On May 11, 1916, the War Office informed the governor general that it approved of the formation of this unit. So on July 5, 1916, No. 2 Construction Battalion was authorized. Its headquarters was initially in Pictou, Nova Scotia, but moved to Truro, Nova Scotia, in September 1916.

The original intention was to recruit the unit primarily from the Maritimes, with companies also being raised in Ontario and Western Canada. A little over a month after the unit was authorized, however, only 180 recruits had been obtained. By November 1916, the recruiting situation had improved little, leading Lieutenant Colonel Sutherland to propose raising a company in the British West Indies. While nothing came of this (it was claimed that troops from the West Indies would be unsuitable for France’s cold weather), the battalion did manage to obtain about 165 men from the United States. When the men were finally assembled in March 1917 to prepare for departure overseas, the battalion's overall strength was just over 729 men. During their deployment, new troops of other nationalities, including 150 Russians, were attached to the unit. Although a Black unit, all but one of the unit's 19 officers were white, the exception being Captain William A. White, the unit's chaplain.

== Deployment ==

No. 2 Construction Battalion in Nova Scotia, 1916

The unit departed from Halifax, Nova Scotia, on board the SS Southland on March 28, 1917 and arrived at Liverpool, England, ten days later.

Lacking the numbers to make up a battalion (the smallest unit then deployed by army authorities), the unit was reorganized as No. 2 Construction Company in May 1917, and attached to the Canadian Forestry Corps (CFC). By the fall of 1917, the unit was operating in the Jura Mountains of France, headquartered at La Joux
.

The unit conducted several operations crucial to the war effort. In conjunction with the CFC, troops of the No. 2 Construction Company axed down the trees of surrounding forests, transported the logs to mills, and milled them into lumber to be used on the front by Allied armies. Horses, trucks, and trains were used to transport the logs. The No. 2 Construction Company was responsible for handling and caring for the 70-100 horses. It drove the trucks and maintained the roads. It built a railroad and occasionally operated the trains. It was also responsible for operating and maintaining utilities for CFC camps, such as water pumps and an electrical power plant.

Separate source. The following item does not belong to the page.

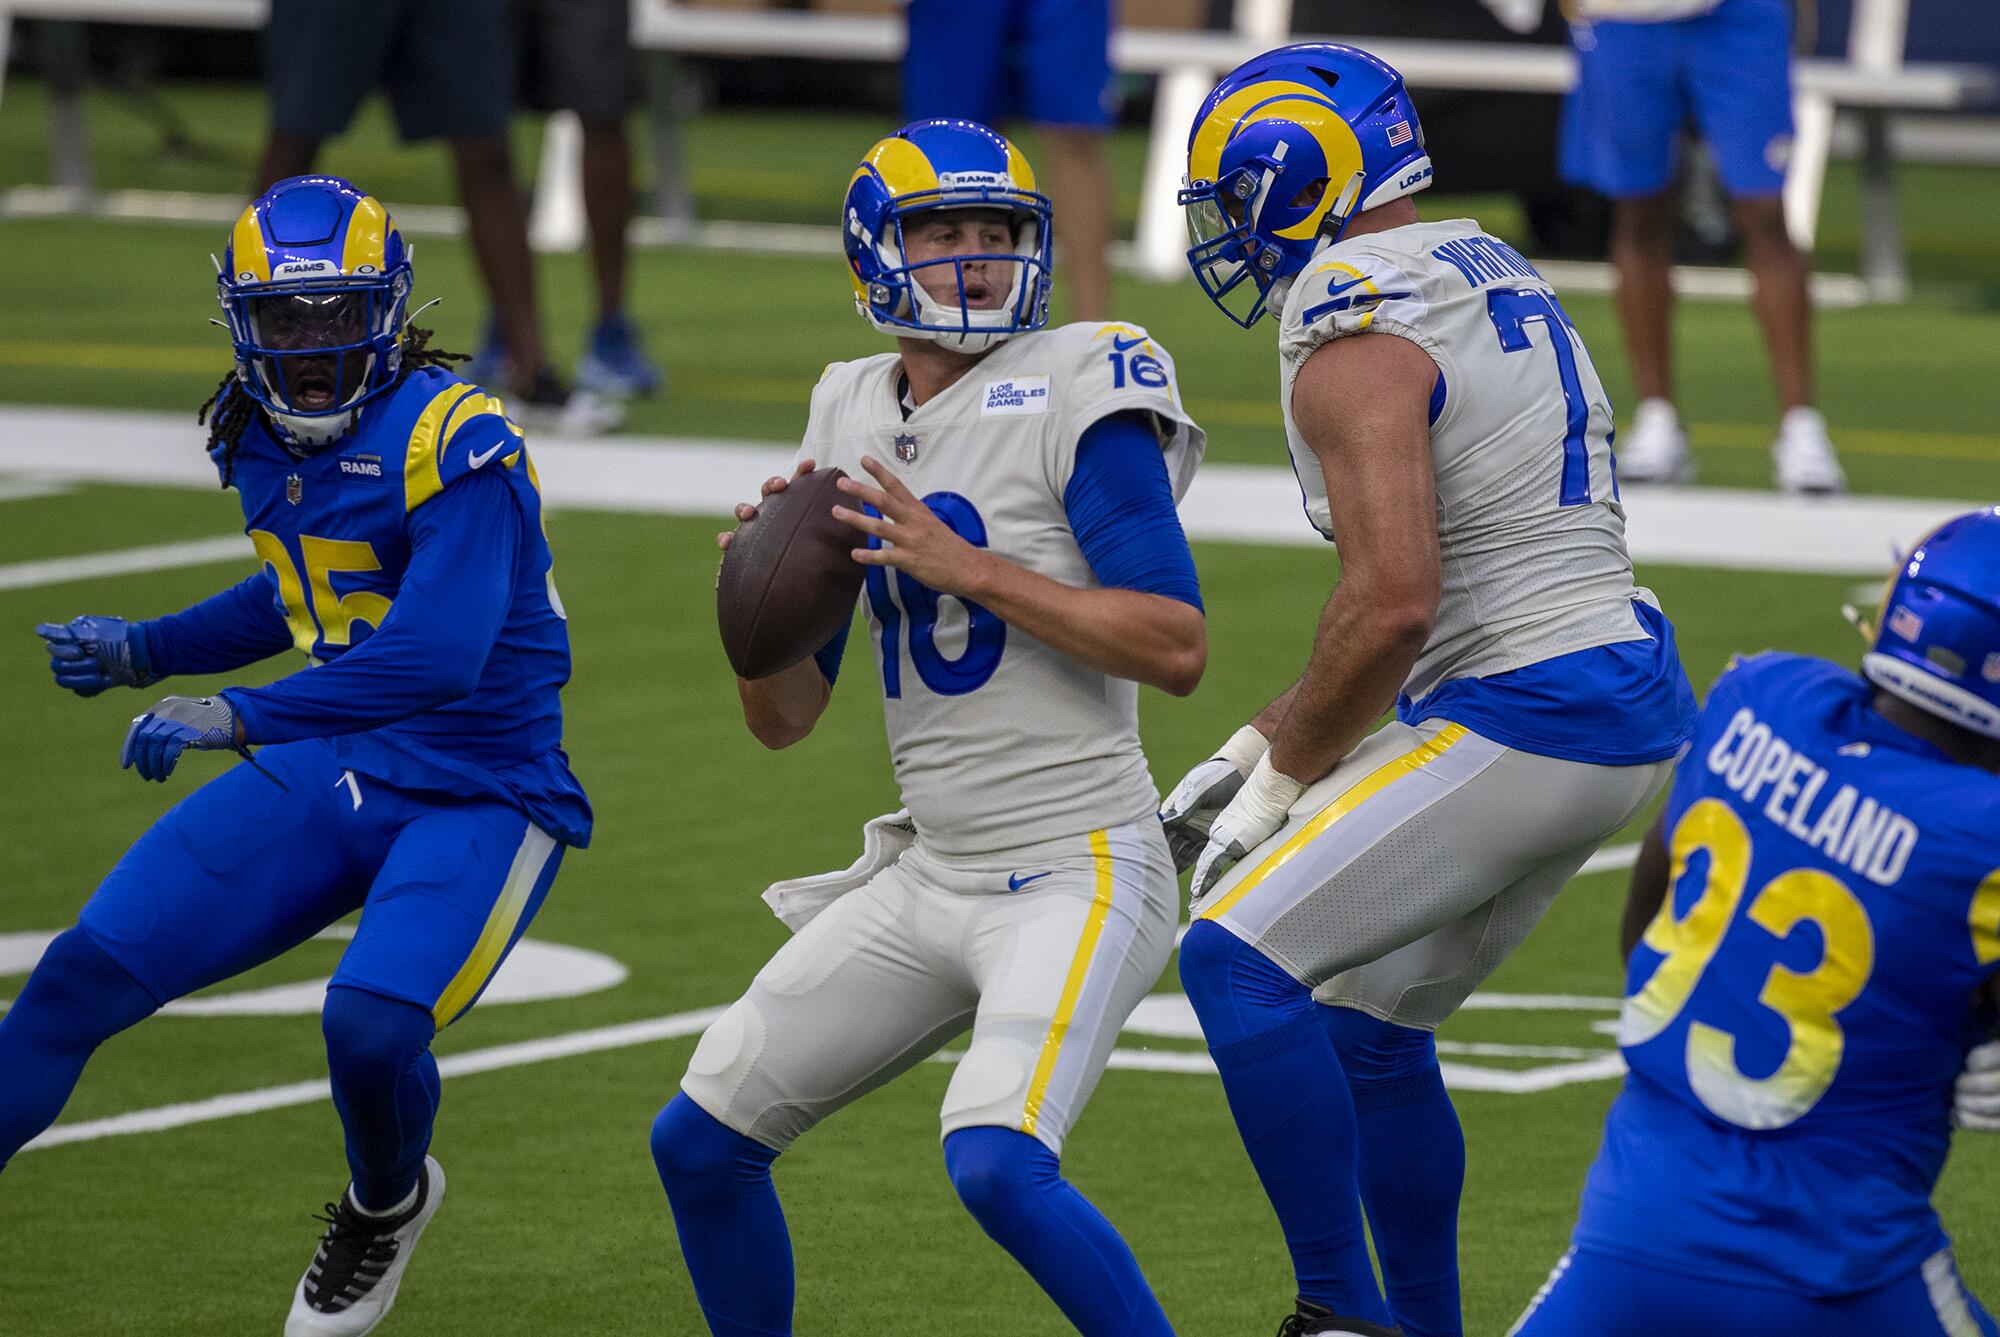 Rams quarterback Jared Goff looks to pass during scrimmage at SoFi Stadium on Aug. 22.

All this work was done despite terrible weather conditions and frequent breakouts of disease. The men worked hard, once setting a record by milling 95,000 board measures of wood in 10 hours with the help of No. 21 Company, CFC.

The men of No. 2 Construction Company returned to Canada in early 1919 and the unit officially disbanded on September 15 of the same year.

== Legacy ==
In 1981, the Society for the Protection and Preservation of Black Culture in Nova Scotia, which had been incorporated in 1977, chose as its first public event a reunion of Black First World War veterans. This reunion was held November 12–14, 1982, in Halifax and was attended by nine of the approximately twenty known surviving Black veterans. They were: William Carter (No. 2), John W. Hamilton (No. 2), Percy J. Richards (No. 2), Gordon C. Wilson (No. 2), Albert D. Deleon (CFC), A. Seymour Tyler (No. 2), Sydney M. Jones (106BN, The RCR), Isaac Phills (85BN), and John R. Pannill (Merchant Navy).

In 1992, the No. 2 Construction Battalion, CEF, was designated an event of national historic significance by the government of Canada, and a commemorative plaque was placed in Pictou, Nova Scotia, the following year.

In February 2007, the Black Cultural Centre for Nova Scotia successively acquired a Victory Medal for a former member of the unit, Sapper PR. P.F. Fenton, by Dave Thomson of St. George, Ontario, for over $7,400 that was being auctioned on eBay.

On June 1, 2022, the battalion was awarded the theatre of war honour "France and Flanders, 1917–18", and the perpetuation of the unit was assigned to the Canadian Military Engineers, with 4 Engineer Support Regiment having the privilege of publicly recognizing the perpetuation.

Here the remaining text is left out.